Finding the referenced report 'Dating App Facilitated Sexual Violence' (their term, not mine) seems to include amongst other acts:

  • Pressured the respondent to give them information about their location or their schedule
  • Continued to contact the respondent even after they told them they were not interested in having a relationship with them
  • Pressured the respondent verbally to perform unwanted sexual acts (eg making promises, lying, repeatedly asking or insisting etc)
  • Sent the respondent an unwanted sexually explicit message
  • Sent the respondent an unwanted sexually explicit photo or video of themselves
  • Pressured the respondent to meet them in person when they did not want to
This would include dick pics or non-consensual sexually explicit language sent through a dating app, along with other mundane dating activity. The march to broaden the definition of sexual violence to include 'making women uncomfortable' continues.

Australia, is usually a follower of countries like Canada and the UK when it comes to these sorts of policies, but it does occasionally become the first mover when there is the chance of getting a cheap political win (and to seem like it is doing something in the face of more serious issues such as the housing crisis).

The linked news article is kind of buried down the state news media's front page and references the federal government's karen social services minister who has previously worked on 'cyber safety' committees. There is a fair chance this is a complete nothing burger that will blow over and is just the govt making noises rather than actually intending to follow through, but time will tell.

I don’t think people are fully grasping what is happening here.

The Australian government is flirting with making it illegal to ask someone on a date.

  • “Pressuring the respondent to give them information about their location or their schedule.”

  • “Pressuring the respondent to meet them in person when they did not want to.”

This is what asking someone on a date is. You don’t know if they want to until you ask.

Some have speculated in these very comments that destroying dating apps is good actually, because then people will start meeting each other and going on dates somewhere else (where exactly this “somewhere else” would be is left unspecified). This is a folly. The kind of government that bans dating apps for allowing and facilitating people to ask each other out is the kind of government which will ban in-person dating scenes too. Think that’s too extreme? This is Australia we’re talking about. I’m totally on Kulak’s side if the Australian government goes through with this. These inhuman totalitarians need to be taken out by any means necessary.

I don’t think people are fully grasping what is happening here.

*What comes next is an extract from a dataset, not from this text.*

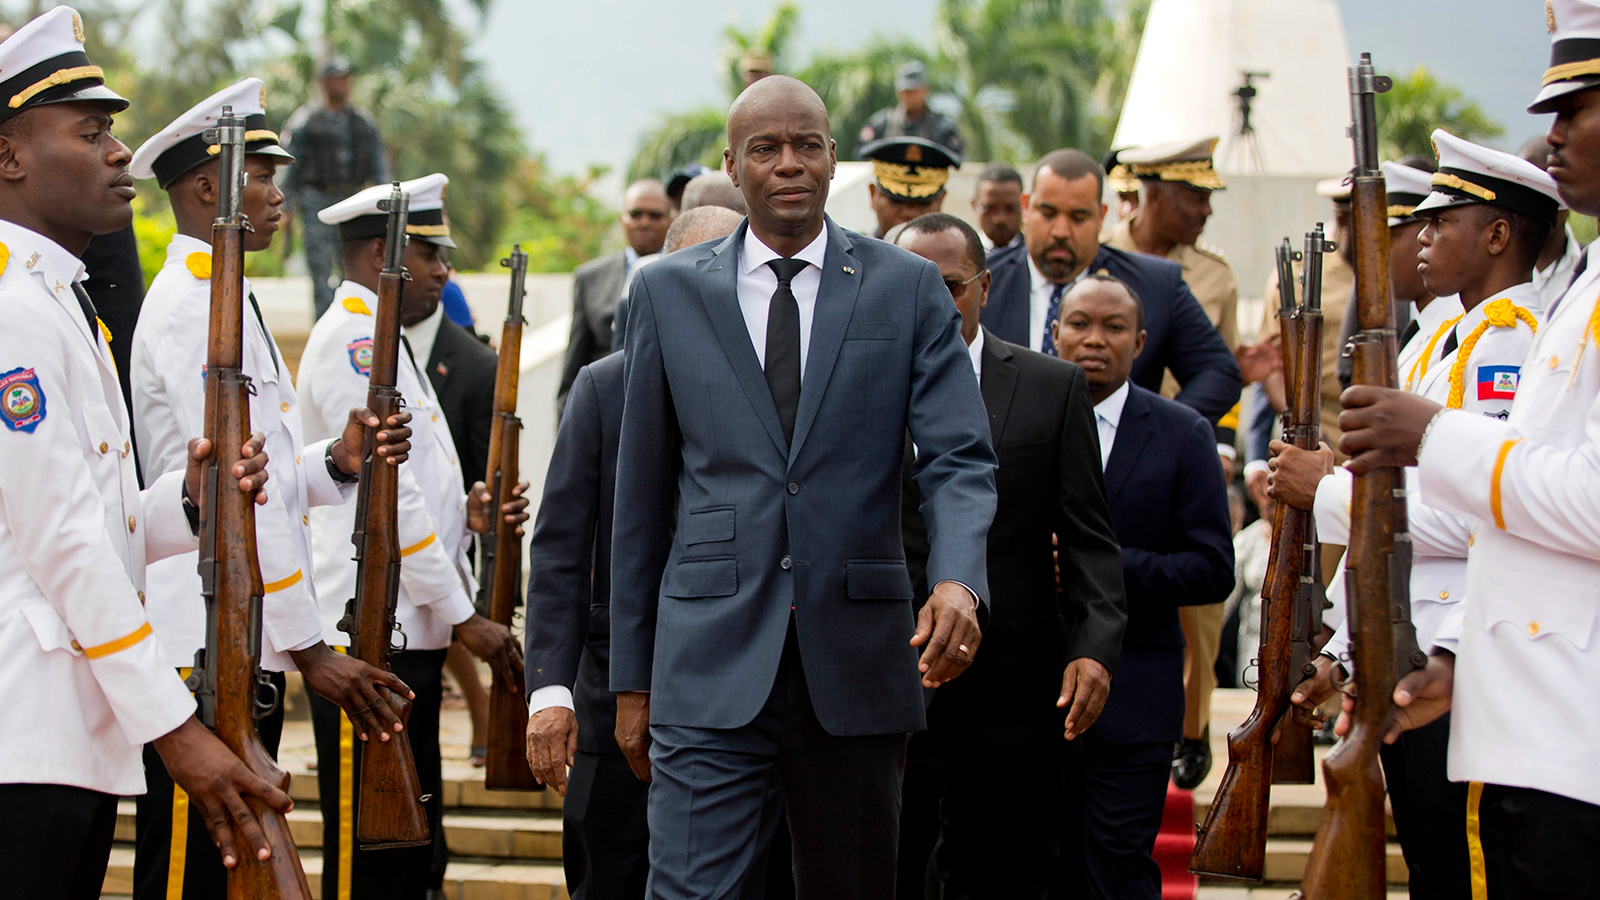 Minuto a minuto: Asesinan al presidente de Haití Jovenel Moïse | CNN

The Australian government is flirting with making it illegal to ask someone on a date.

No, the government is not making it illegal to ask someone on a date. No, they are not flirting with doing so.

"How about you guys self-regulate so we don't have to get involved?" is the exact same thing our governments have done with television since forever. Guess what? It didn't lead to TV being banned.

The dating apps will put together a voluntary Code of Conduct that mostly says they need to do the things they're already doing, maybe with a bit less tolerance for unsolicited dick pics, and life will go on. No legislation will be drafted, introduced, or passed.

You know what would happen if the government did make it illegal to ask someone on a date? That government would become very unpopular. So they won't do it.

Edit: Also, we already had a regime change since that Kulak post you've linked to. So who are you proposing to replace the current lot of "inhuman totalitarians" with? Back to the last bunch?

So who are you proposing to replace the current lot of "inhuman totalitarians" with? Back to the last bunch?

This seems to be a recurring problem. We might have to write a new constitution, Douglas MacArthur style.

Do you think there's any chance at all that maybe invading another country, overthrowing a democratically elected, popular government, and forcibly imposing a new constitution is perhaps a slight overraction to Tinder being asked (with no actual penalty attached) to follow rules that it gets to write for itself?

You think Akihito wants a new imperial possession?